I cannot understand well what you mean by accuracy, and why this is relevant. You should try to explain it better.
As a minor comment on the evaluation setup, I think that it may be nice to have studies of cold runs, and not only of warm runs as you do, just in case. Not too important, but easy for you to do with the setup you have, and it may provide some interesting insights as well.
I have some concerns about the results:
- Why can't you use Q9 for the PT relational schema?

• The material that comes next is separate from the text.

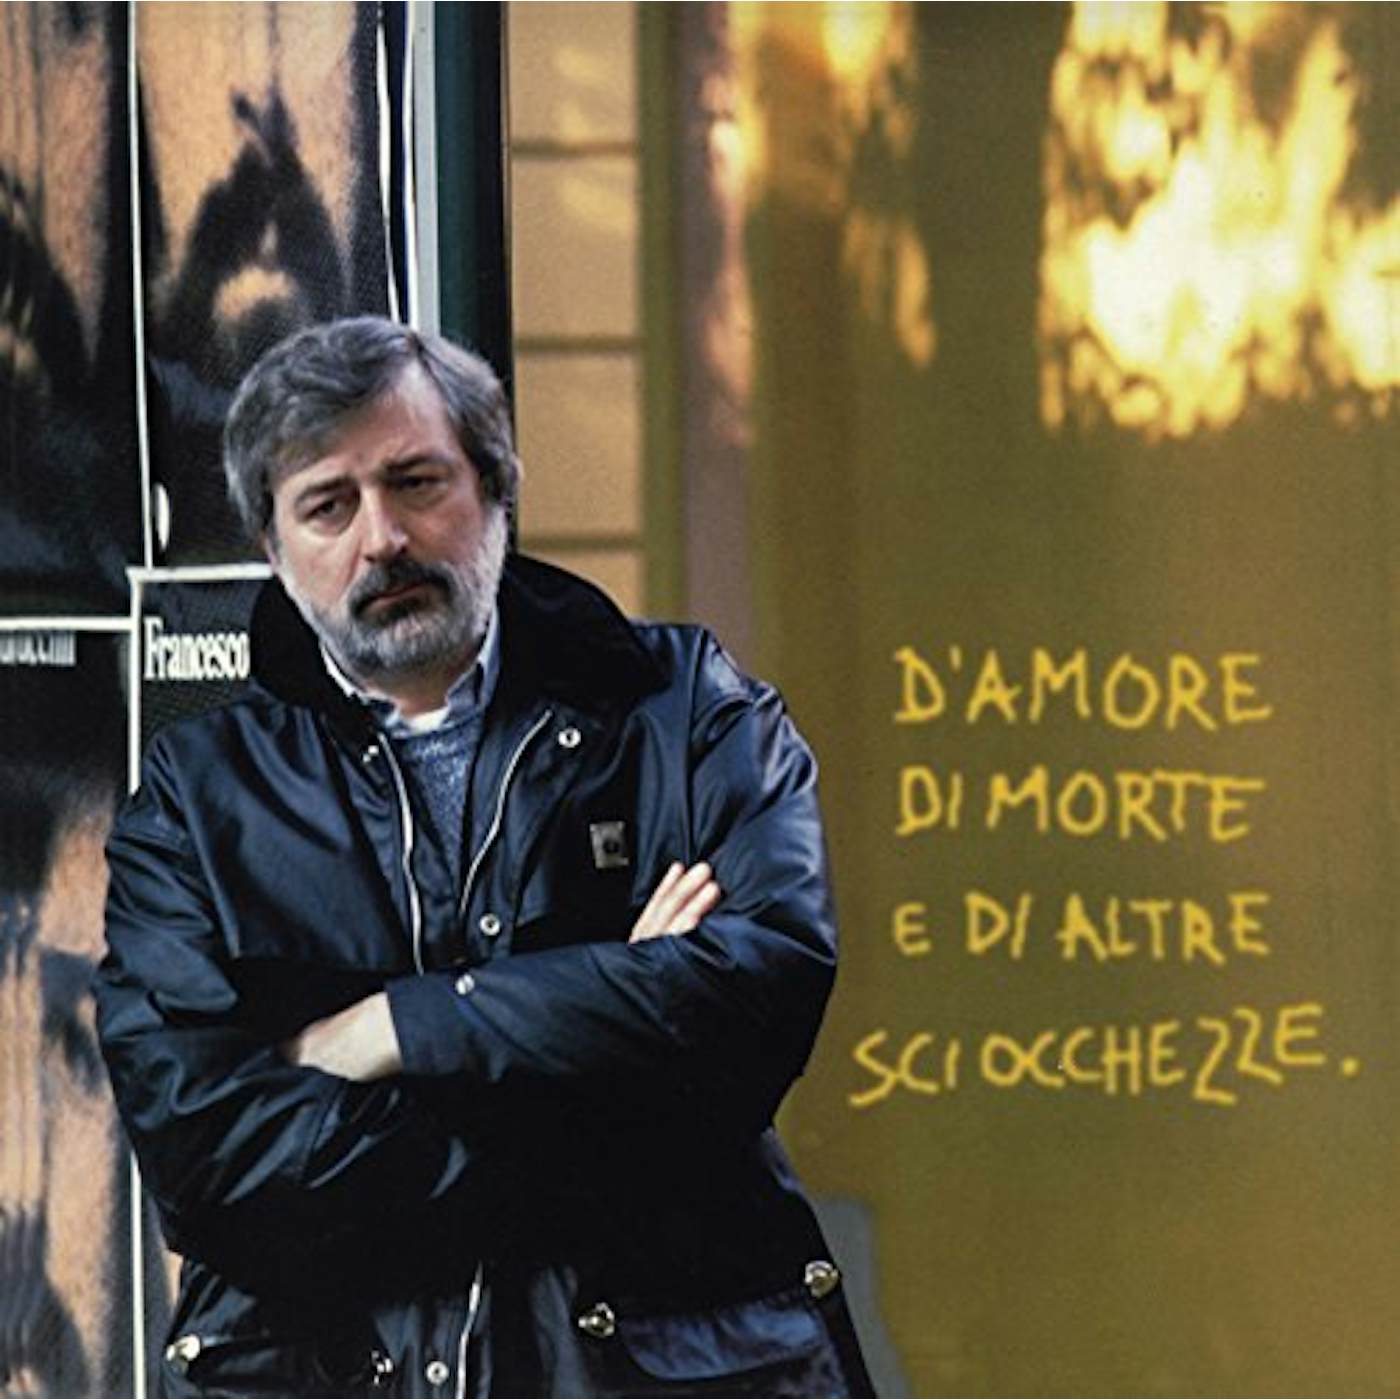 Francesco Guccini D'Amore Di Morte E Di Altre Sciocchezze Vinyl Record

- Why Fig 9 does not have Q7 and Q9? In fact, you describe why in the related website, but not in the paper, I think.
Other final comments:
- You refer to the work on [9] as a first phase of your work. However, the reference provided in the bibliography section does not say where this was published. By going into the GitHub-based website that you refer to, I have been able to identify that there are two previous works in two workshops. Fix the reference, and pay attention to identifying also the second reference/workshop if needed.
- You have repeated the Github-based website as a footnote twice.
- Quality of writing. While going through the paper I have noted that there were many typos (no major problem, but a second reading by the authors would have been useful to spot those). And I don't really like some of the initial sentences in the abstract and in the introduction to justify why doing this work. It would be as easy as commenting that there are large RDF data sources available that need to be queried, that many techniques have been used in centralised and distributed settings, and that there is an opportunity to check whether existing Big Data systems can be used. Furthermore, when you indicate in the introduction that some native triplestores have problems in scalability, you mention only a few of them, but there are plenty of triplestores (open source and commercial) that are not mentioned until we move into the related work, or not mentioned at all, and it is not clear why you do not mention them.
- Some unclear statements. For instance, in the introduction you claim that an additional contribution of your work is a deeper and prescriptive analysis of Spark SQL performance. It is very unclear what you mean by this, since you are not really evaluating Spark SQL, but how it reacts under different dimensions for queries that are commonly used in a SPARQL benchmark.
|